**What is needed**
Where the line containing "Rotary Club of" appears in the records below, begin there and repeat each line exactly through the final one, dropping all pictures.

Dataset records
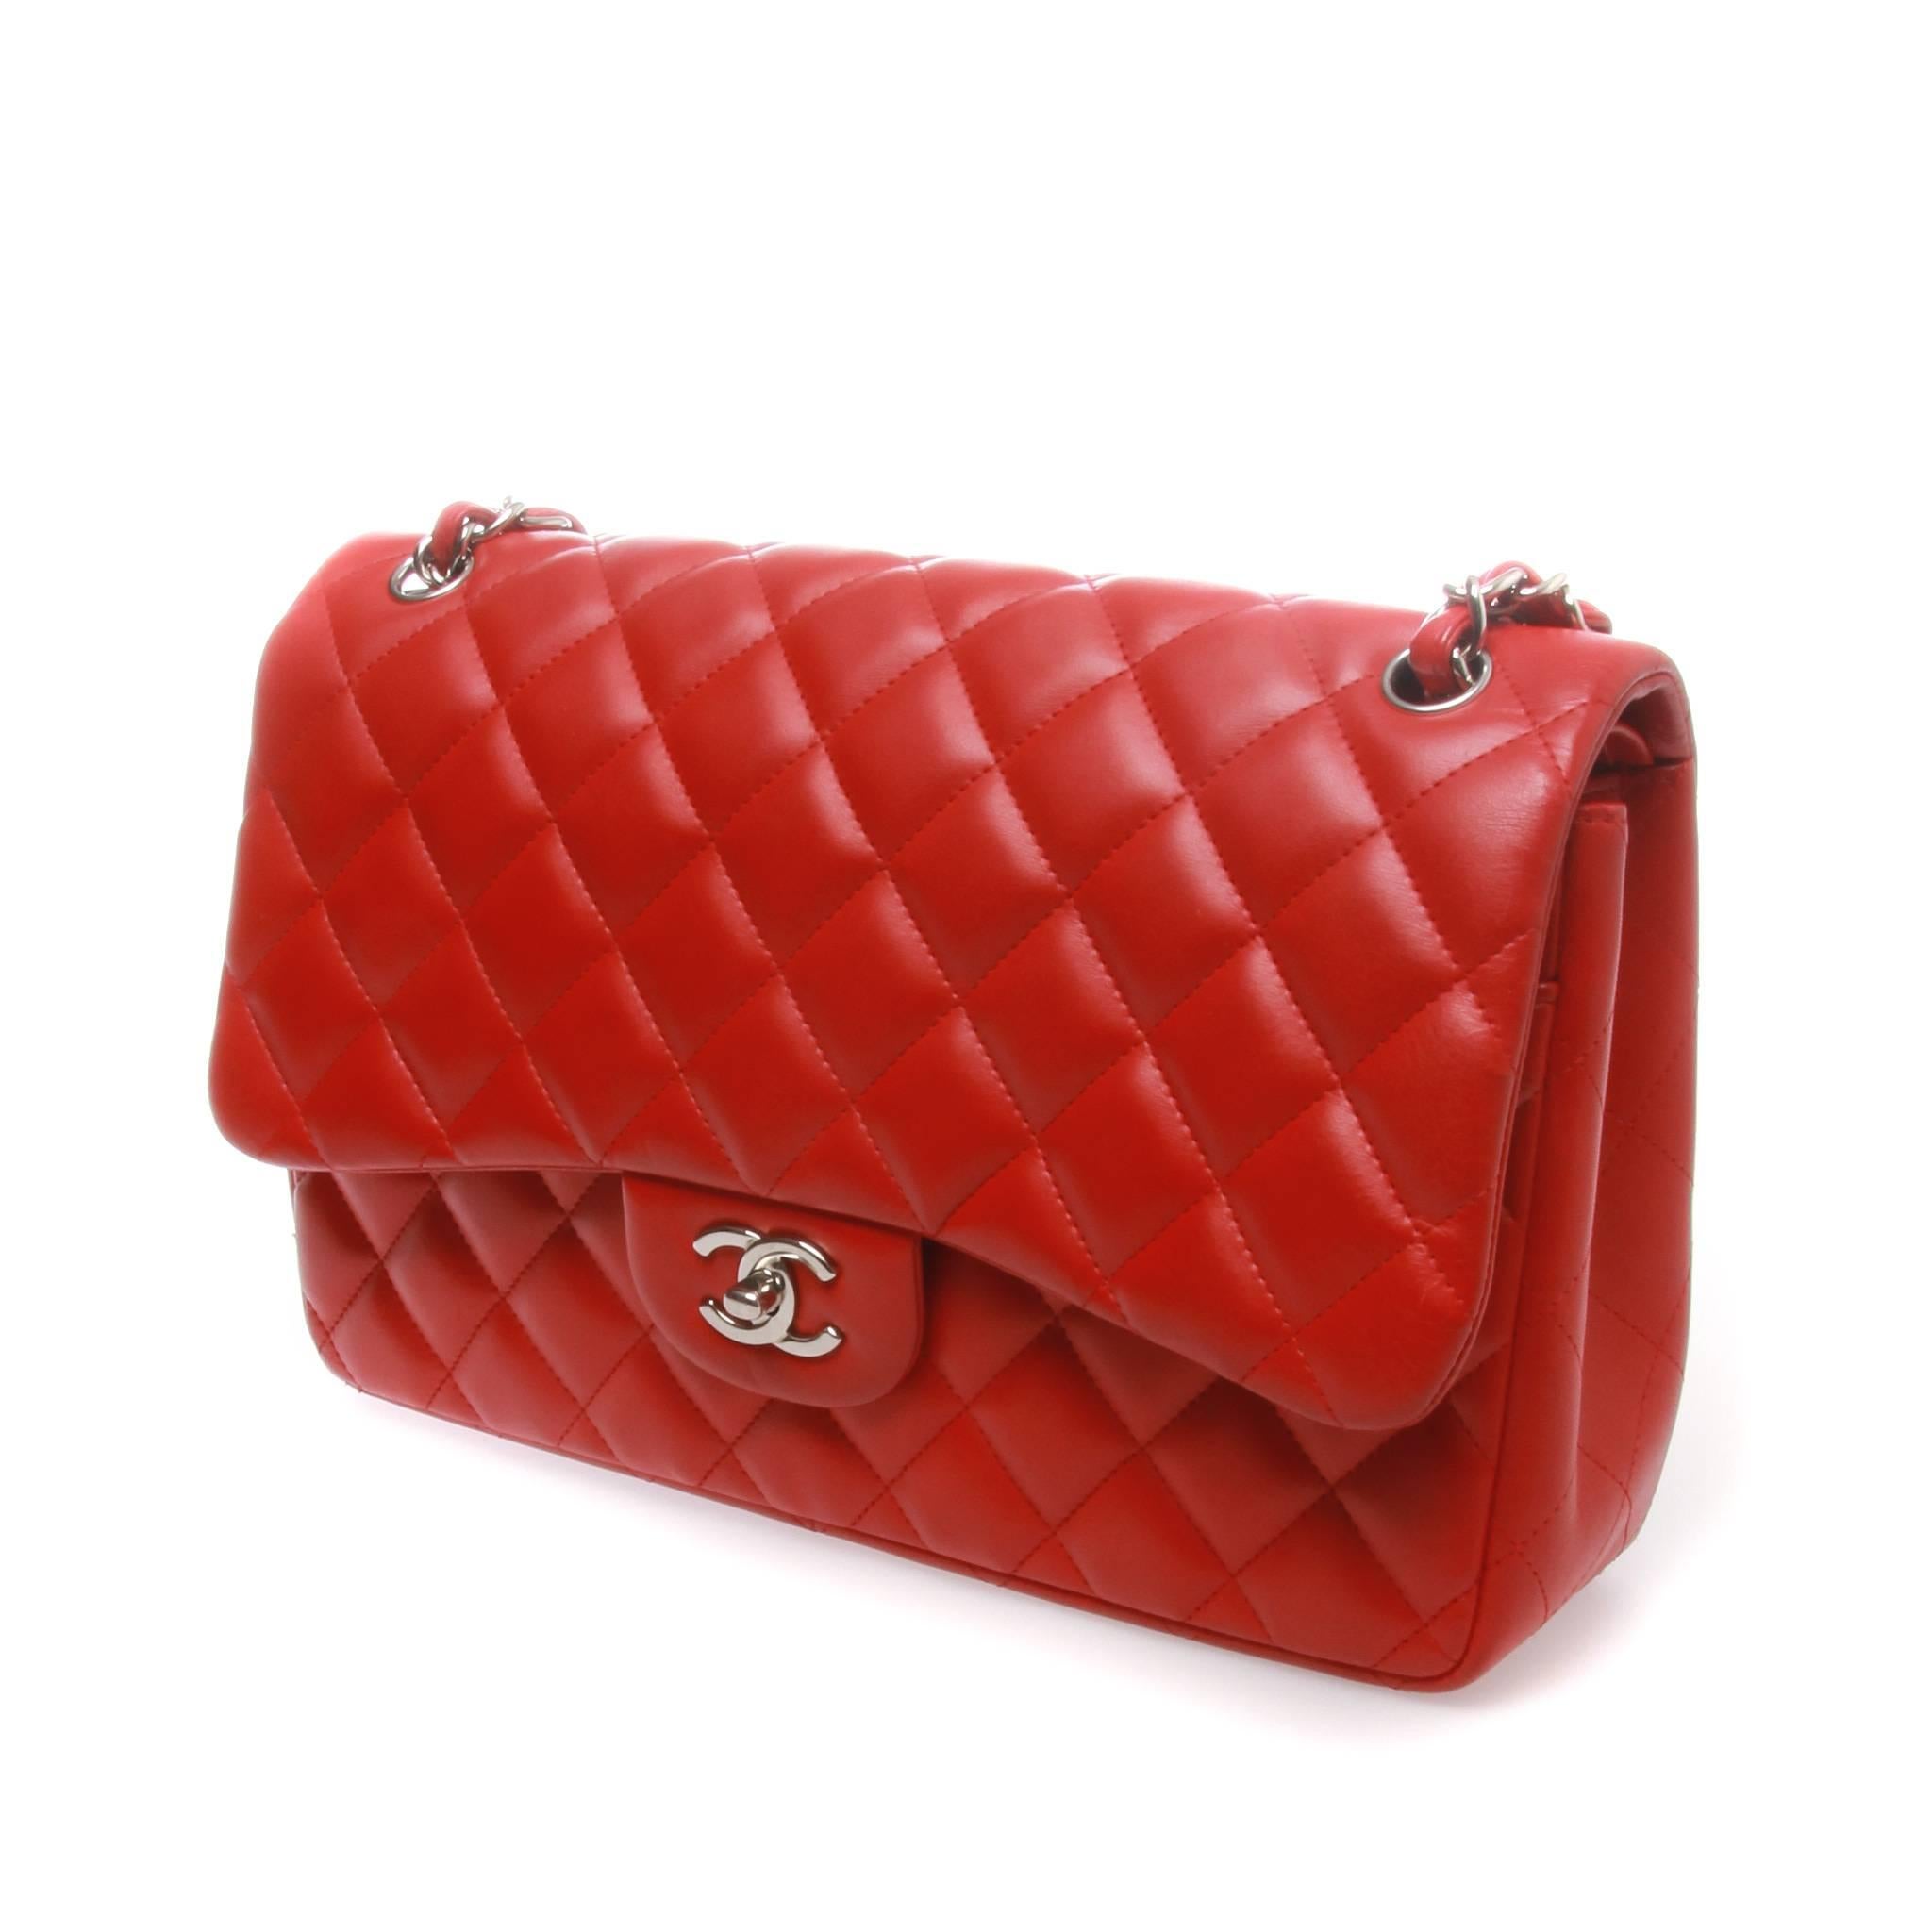 This Chanel dark red quilted lambskin leather classic jumbo double flap bag is perhaps the most sought after bag in Chanel's classic collection. 
This particular bag features quilted lambskin leather that is durable and classy and also features a
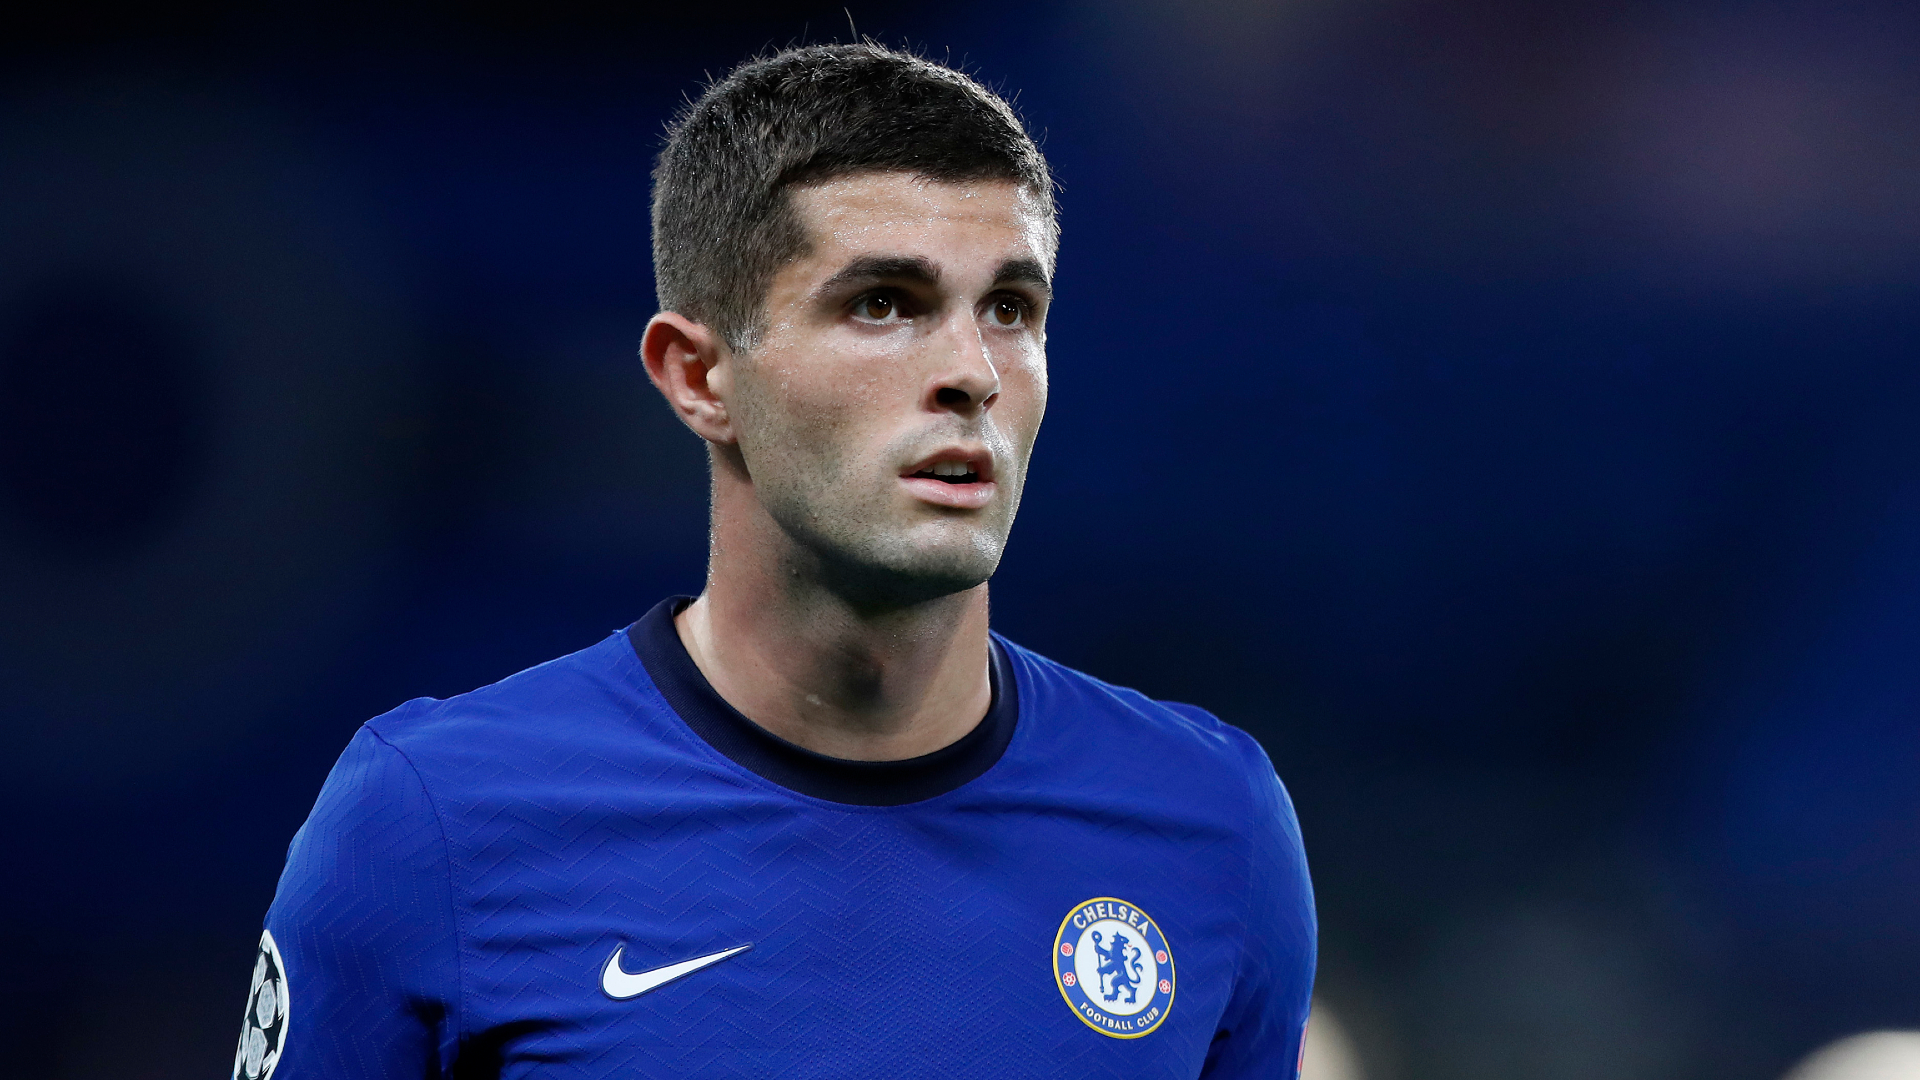 'I don't really like attention!' - Chelsea star Pulisic claims he's
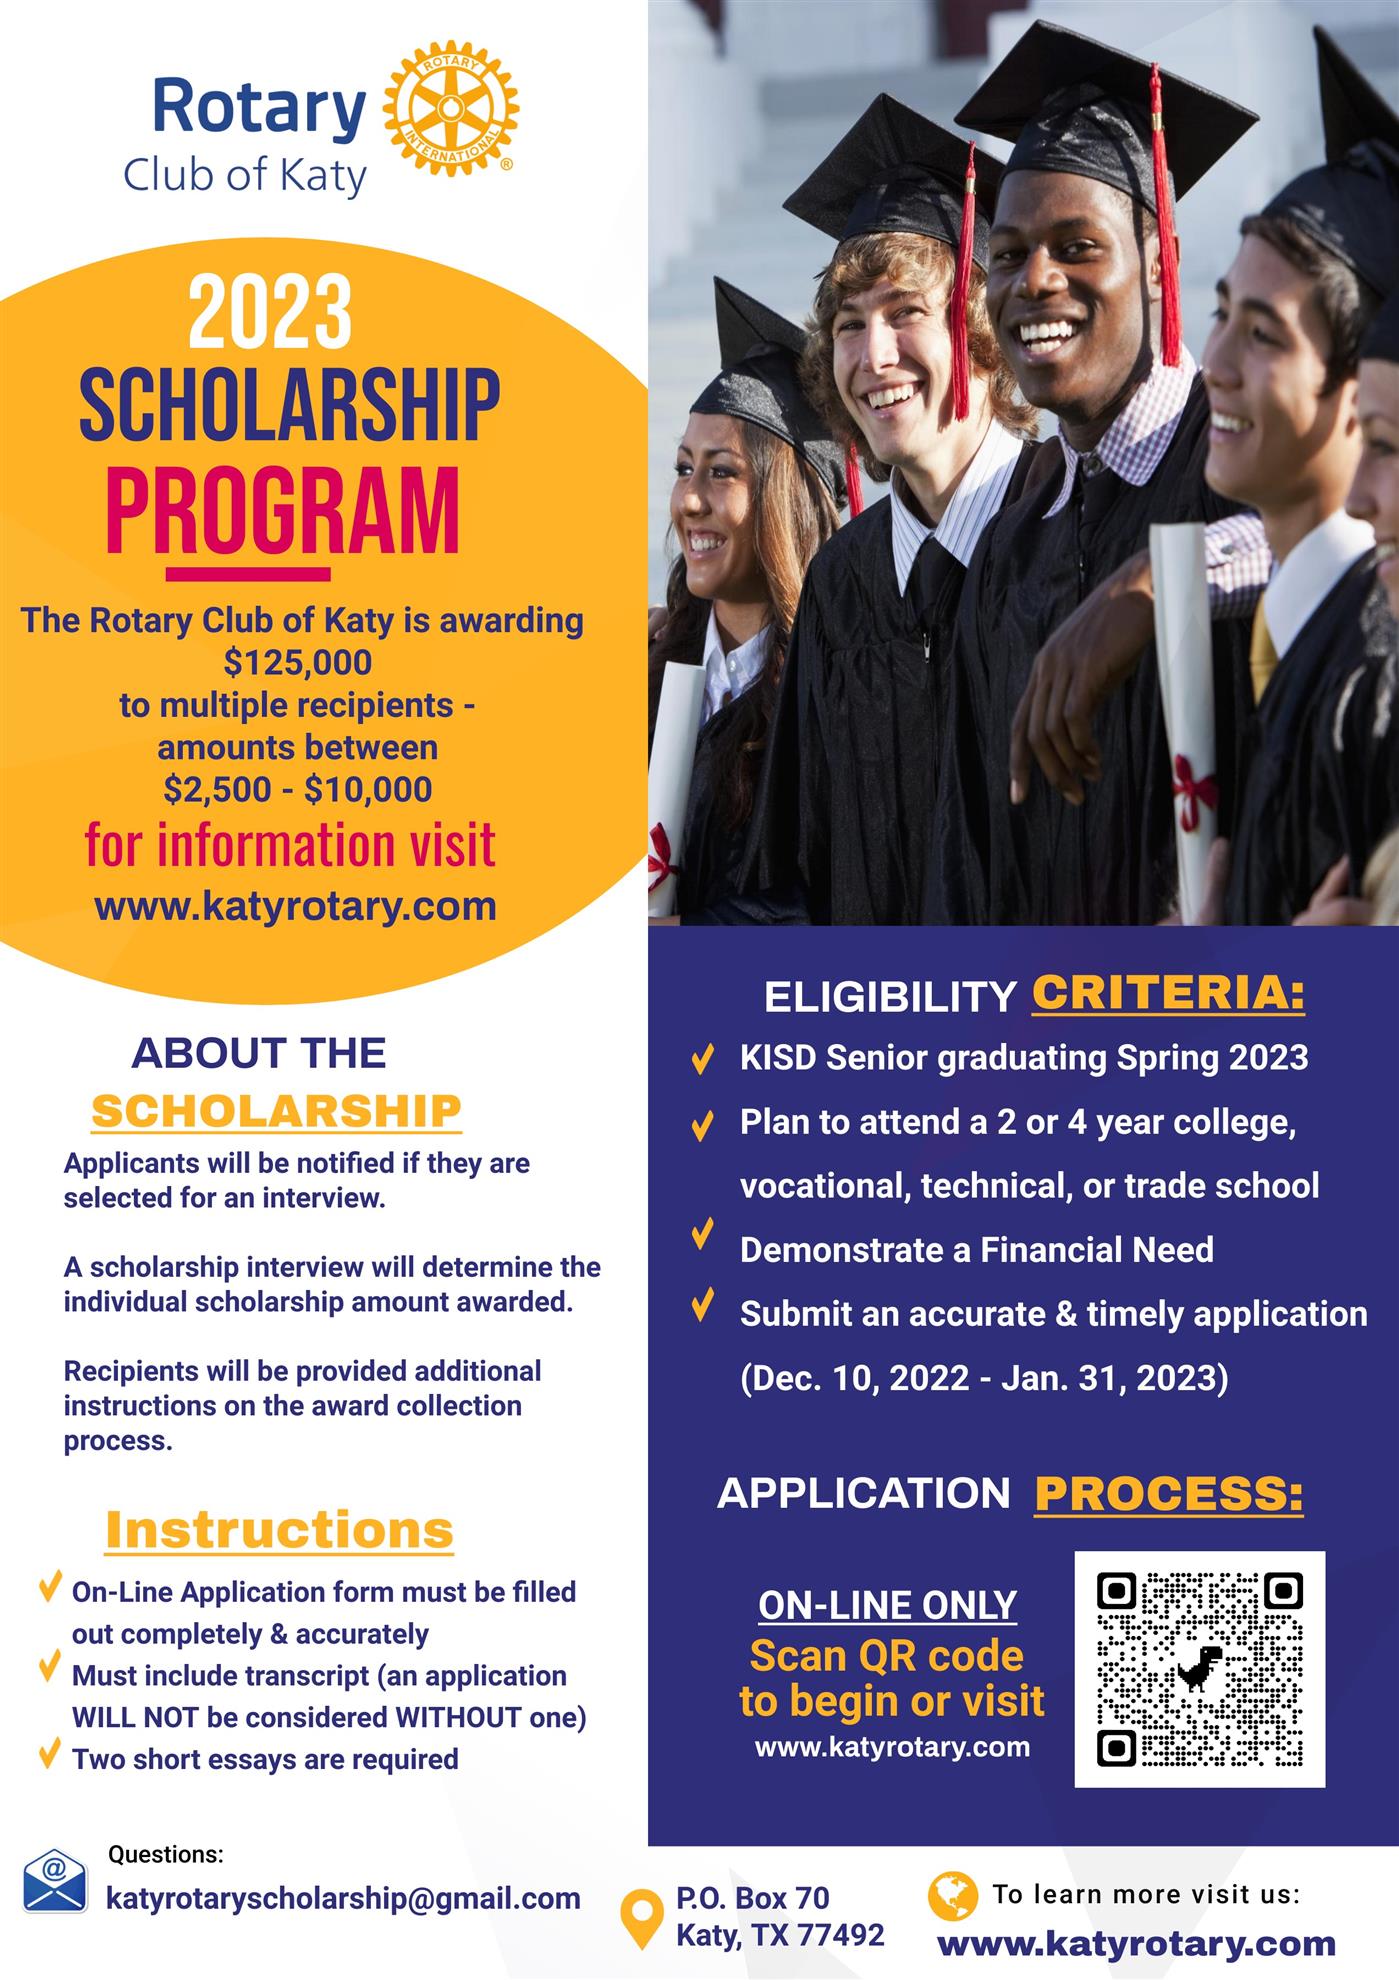 Rotary Club of Katy Scholarship Application Deadline Fast Approaching pic pic
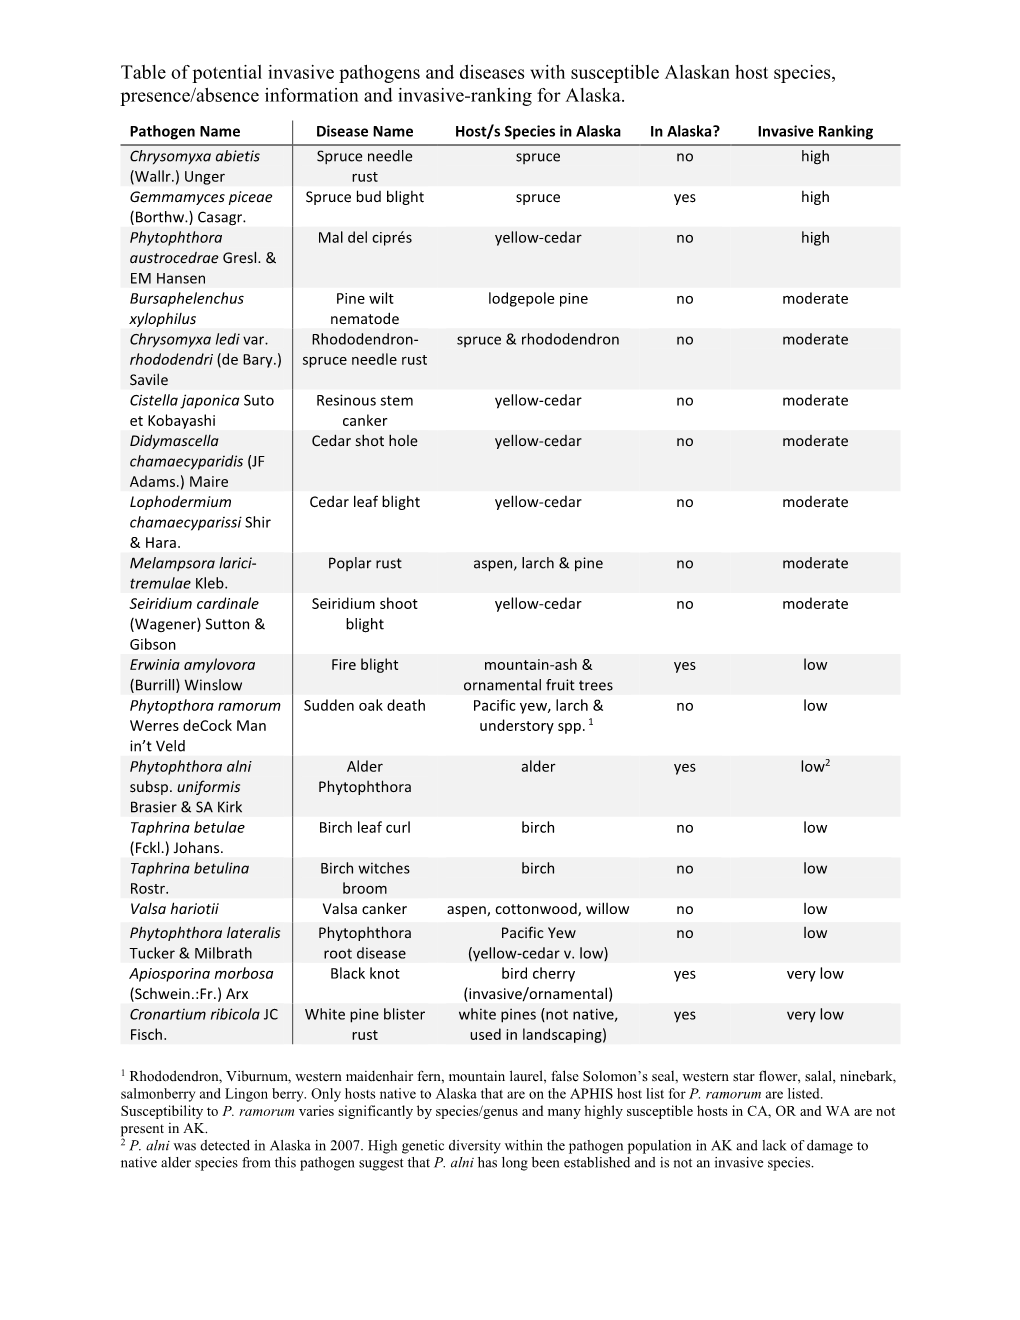 Table of Potential Invasive Pathogens and Diseases with Susceptible Alaskan Host Species, Presence/Absence Information and Invasive-Ranking for Alaska

**Exercise response**
 Rotary Club of Katy Scholarship Application Deadline Fast Approaching pic pic
 Table of Potential Invasive Pathogens and Diseases with Susceptible Alaskan Host Species, Presence/Absence Information and Invasive-Ranking for Alaska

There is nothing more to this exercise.